DATA SUPPLIED Block Start

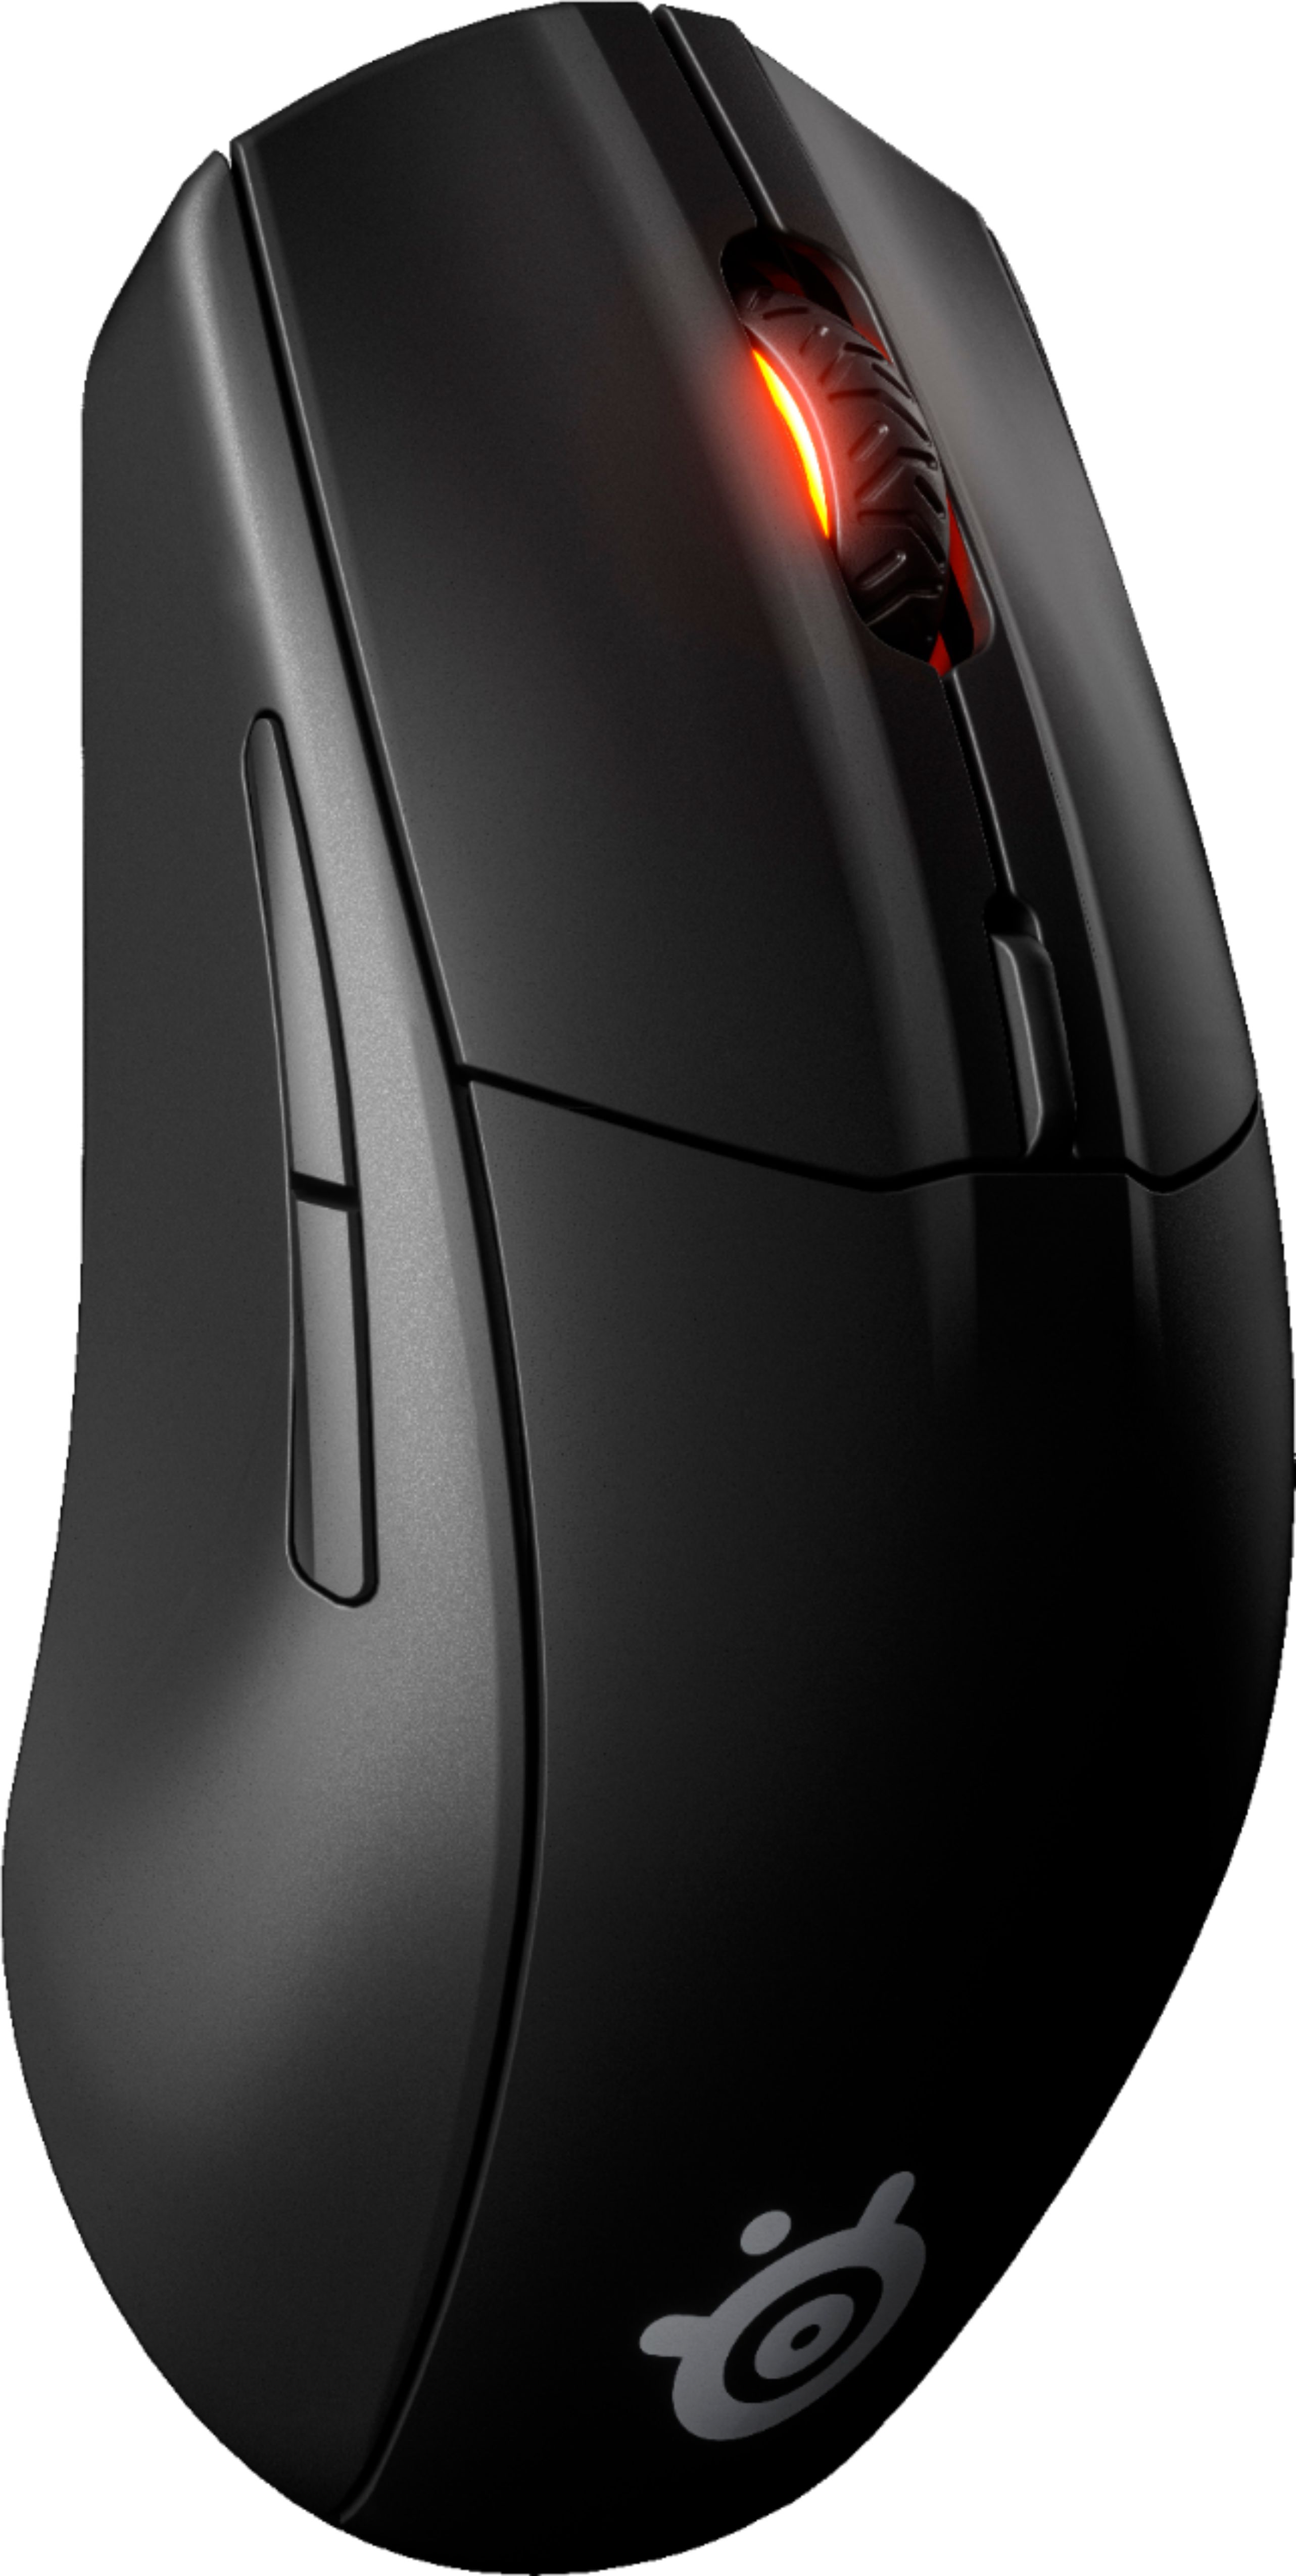 Angle View: SteelSeries - Rival 3 Lightweight Wireless Optical Gaming Mouse with Brilliant Prism RGB Lighting - Black
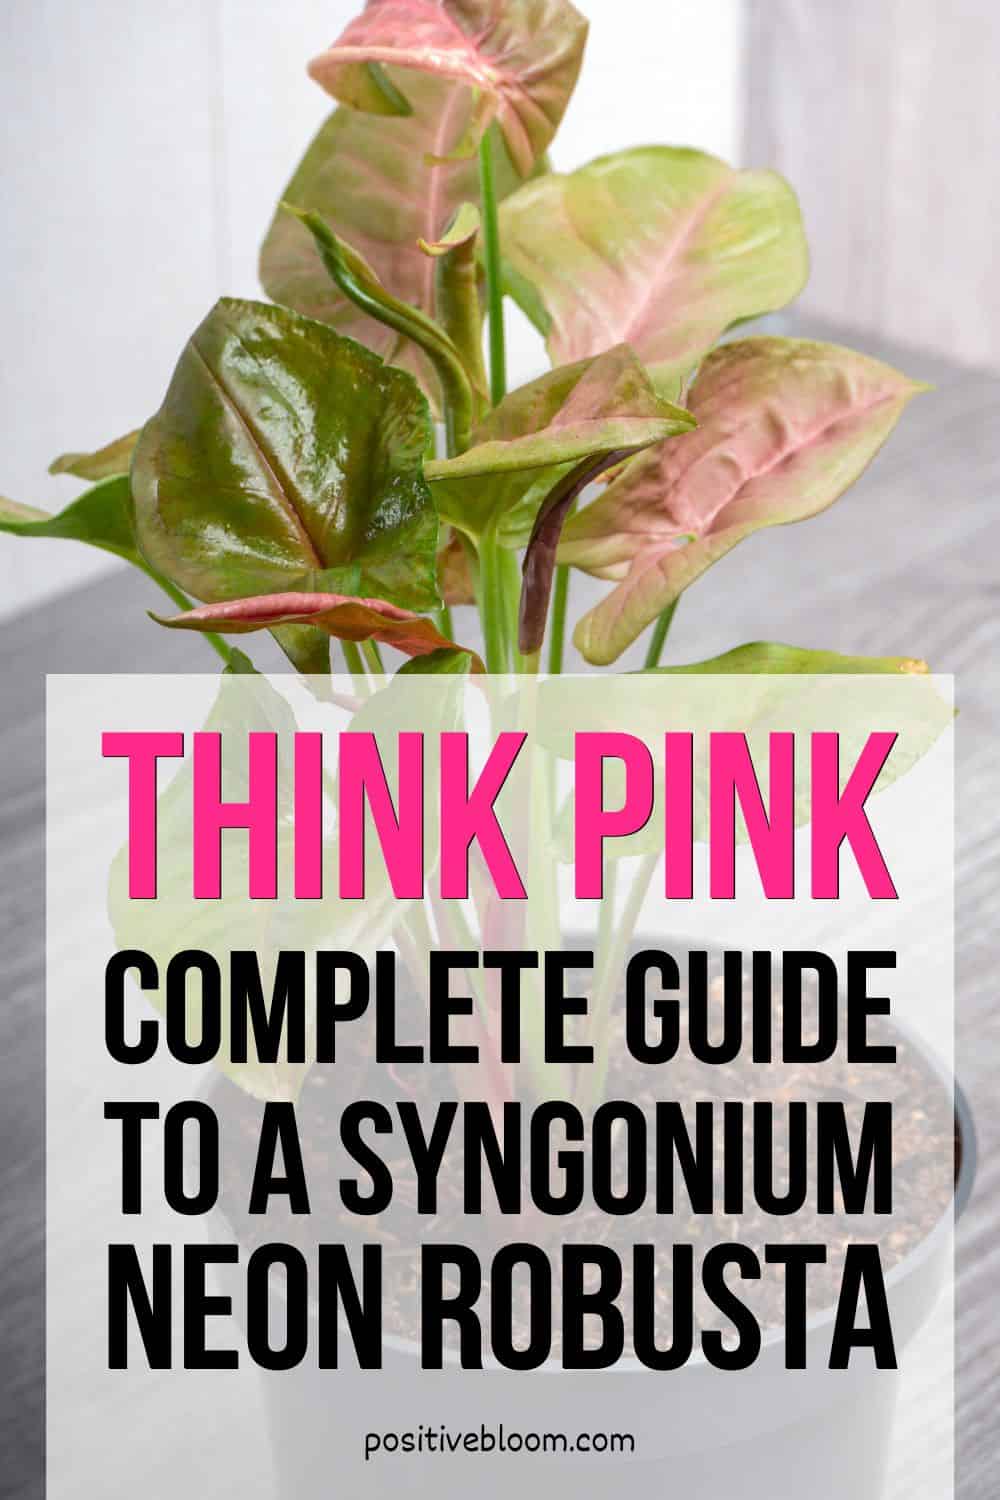 Think Pink Complete Guide To A Syngonium Neon Robusta Pinterest
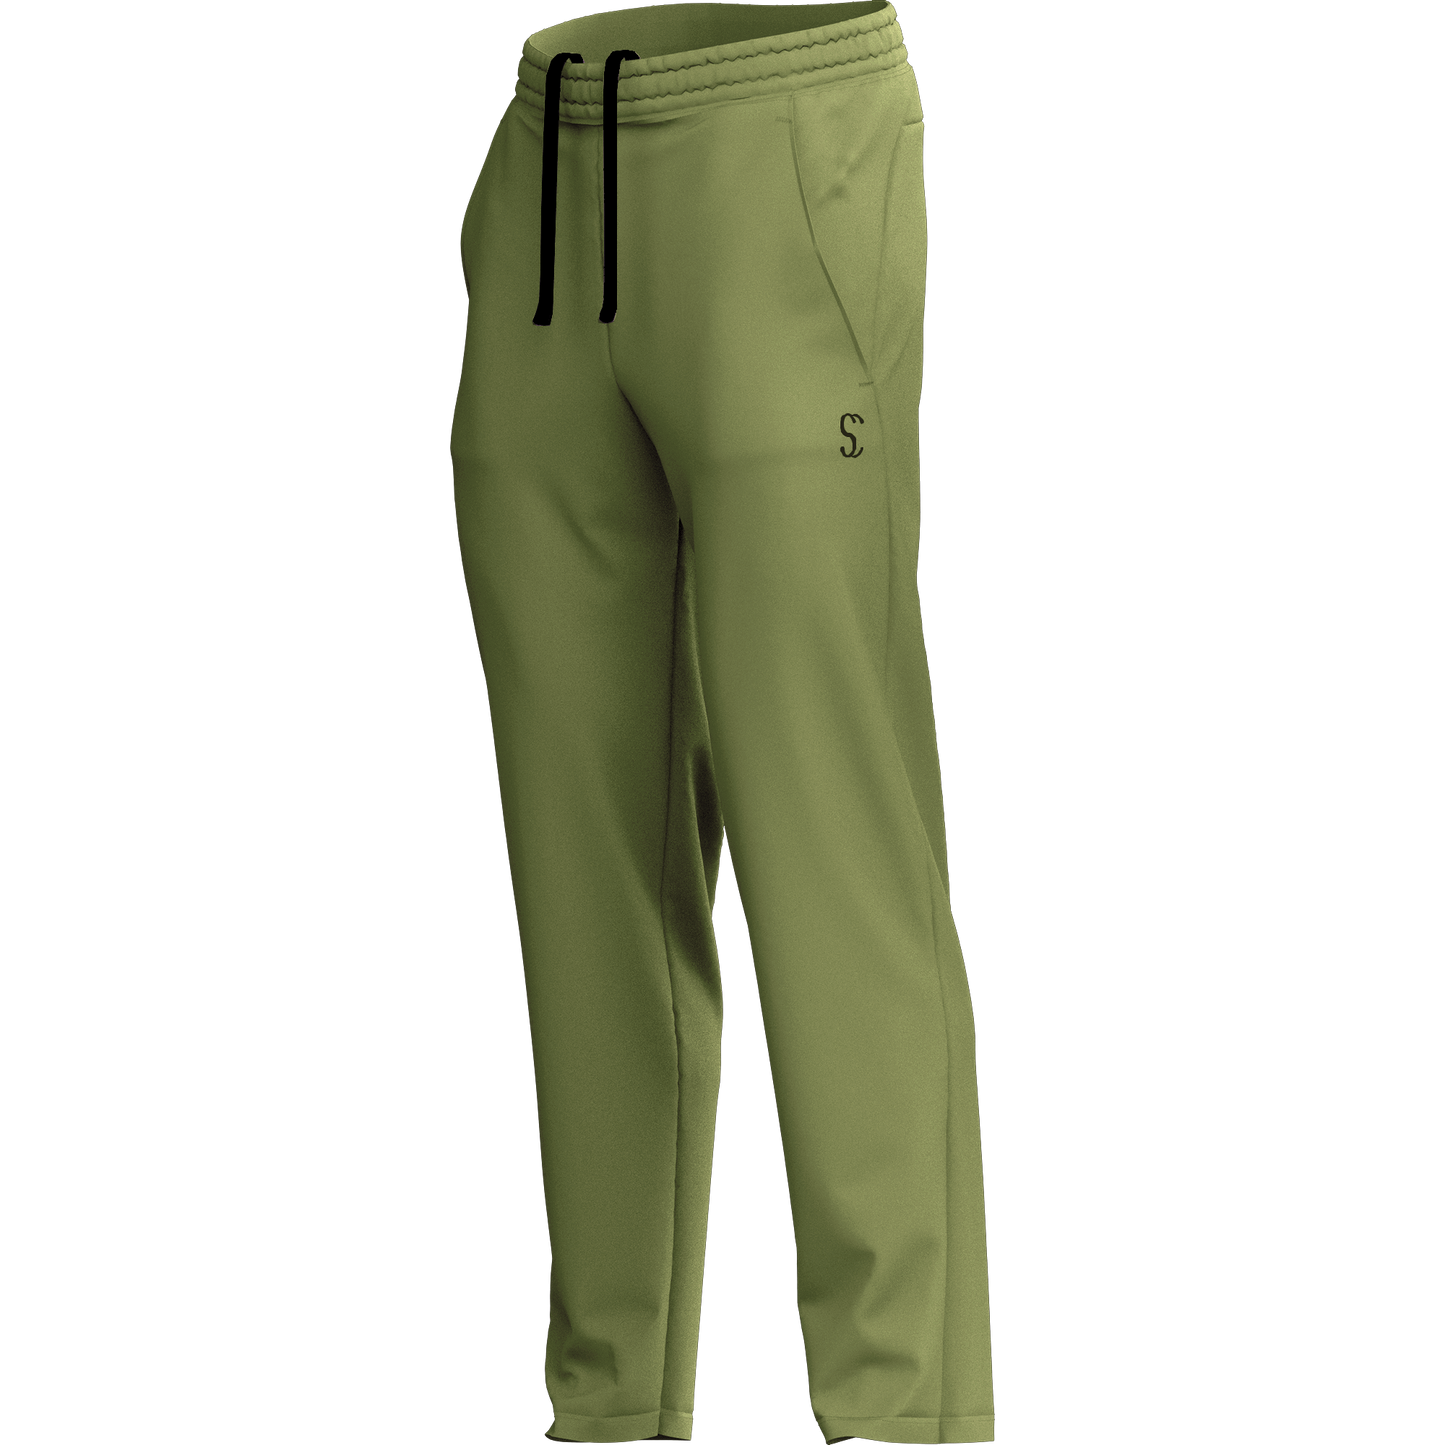 Men's Green Poly Fleece Thermal Tracksuit Bottoms
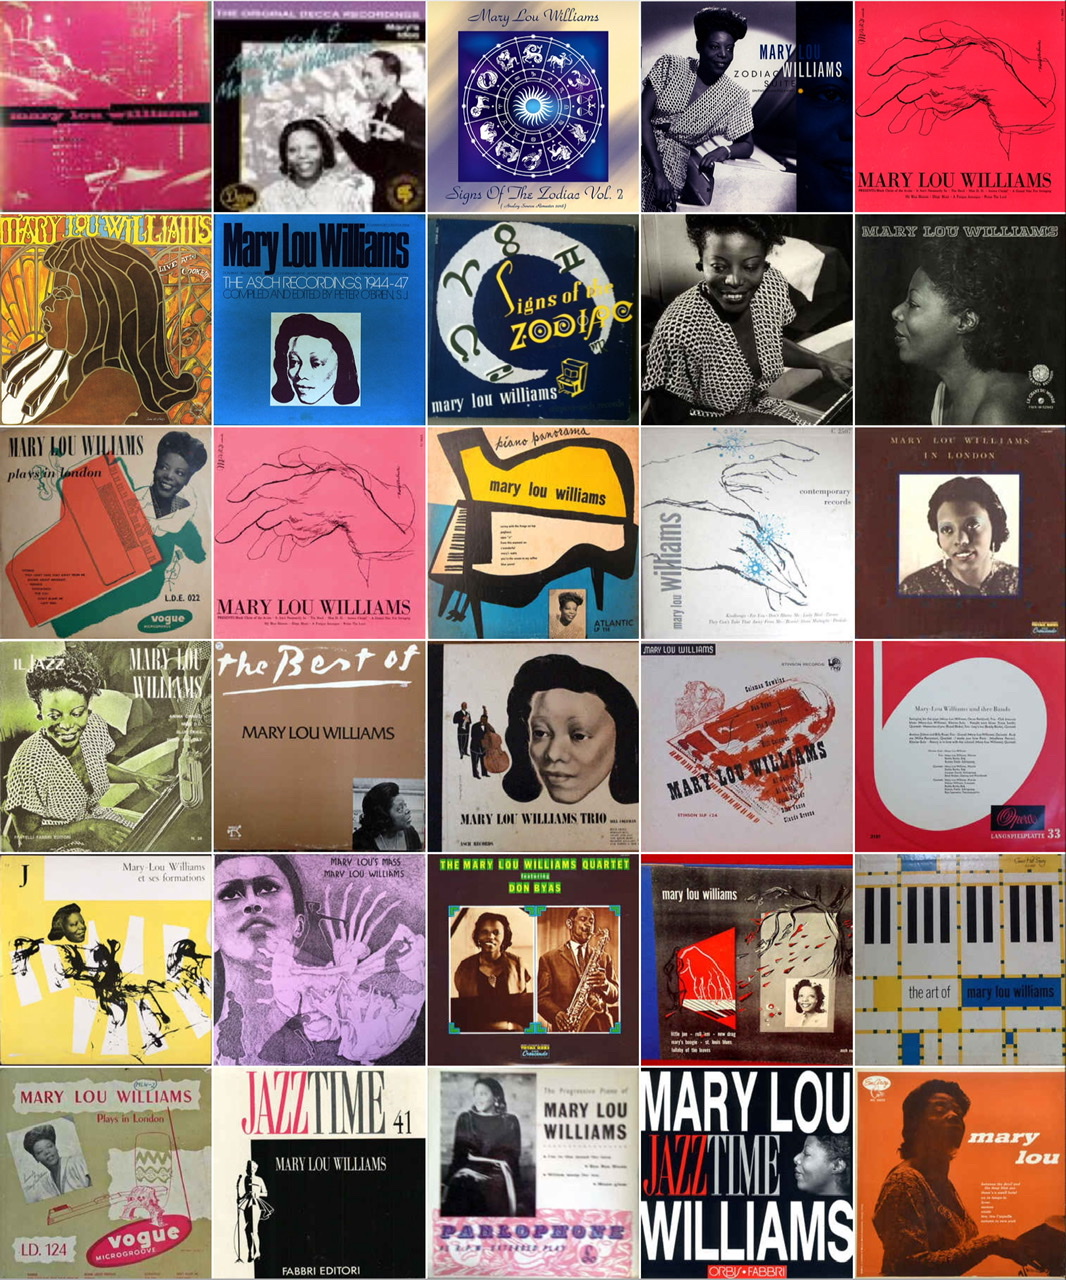 A collage of Mary Lou Williams album covers.
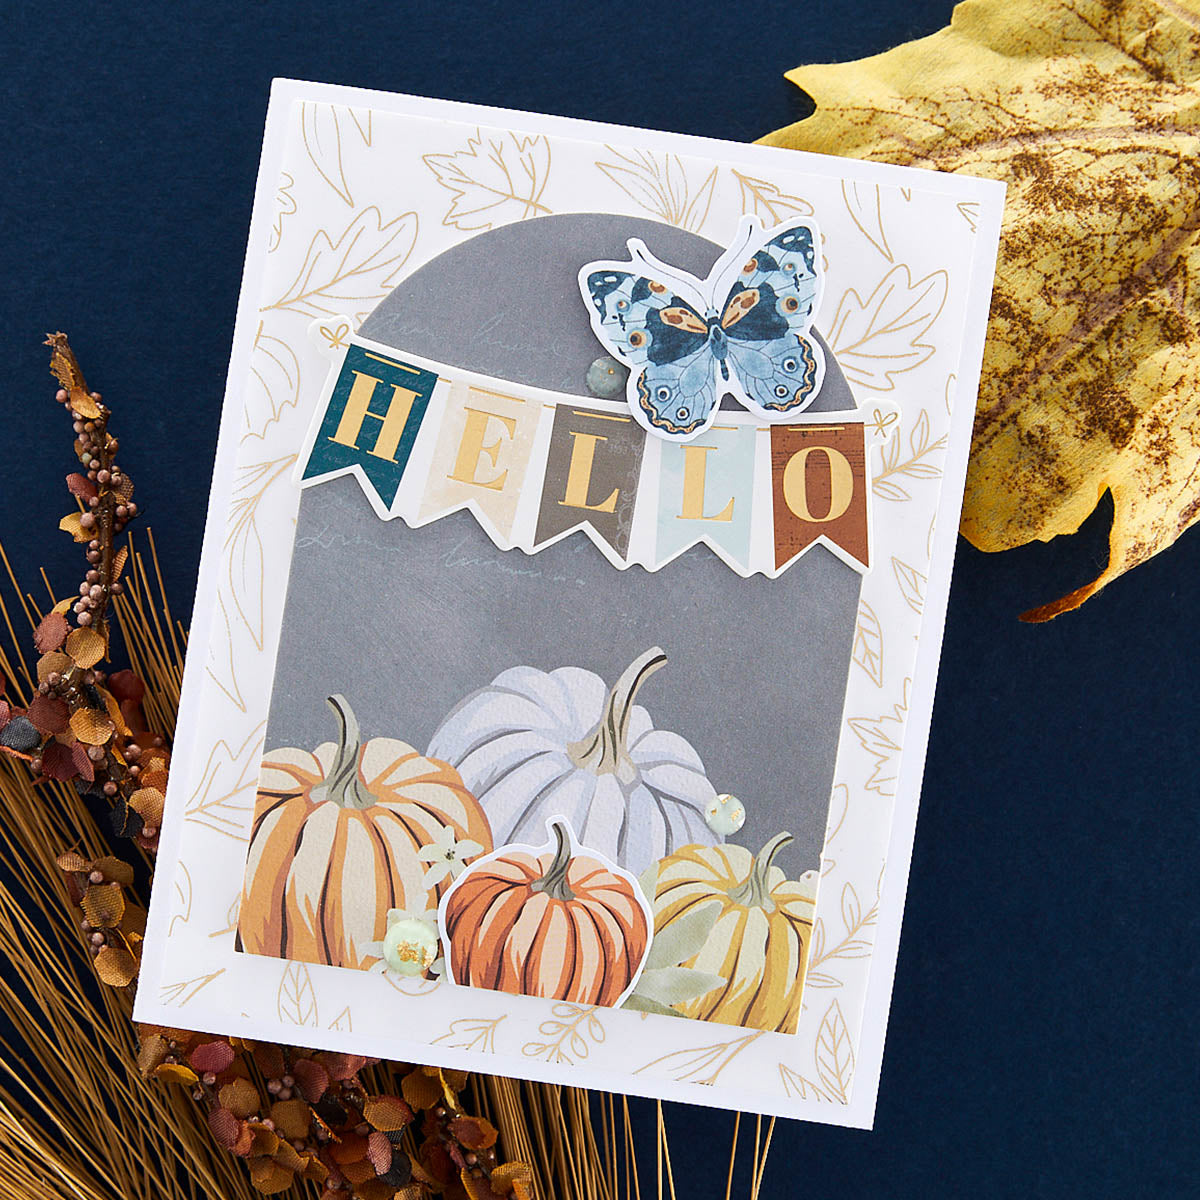 Spellbinders - Foiled Vellum 6 x 6" Paper Pad from the Serenade of Autumn Collection

DATA SUPPLIED Block End

* WHAT YOU SHOULD DO: Make an exact copy of all the material, but keep the pictures out of it.

* RESPONSE TO THE TASK:
 Angle View: SteelSeries - Rival 3 Lightweight Wireless Optical Gaming Mouse with Brilliant Prism RGB Lighting - Black
 Think Pink Complete Guide To A Syngonium Neon Robusta Pinterest
 Men's Green Poly Fleece Thermal Tracksuit Bottoms
 A collage of Mary Lou Williams album covers.
 Spellbinders - Foiled Vellum 6 x 6" Paper Pad from the Serenade of Autumn Collection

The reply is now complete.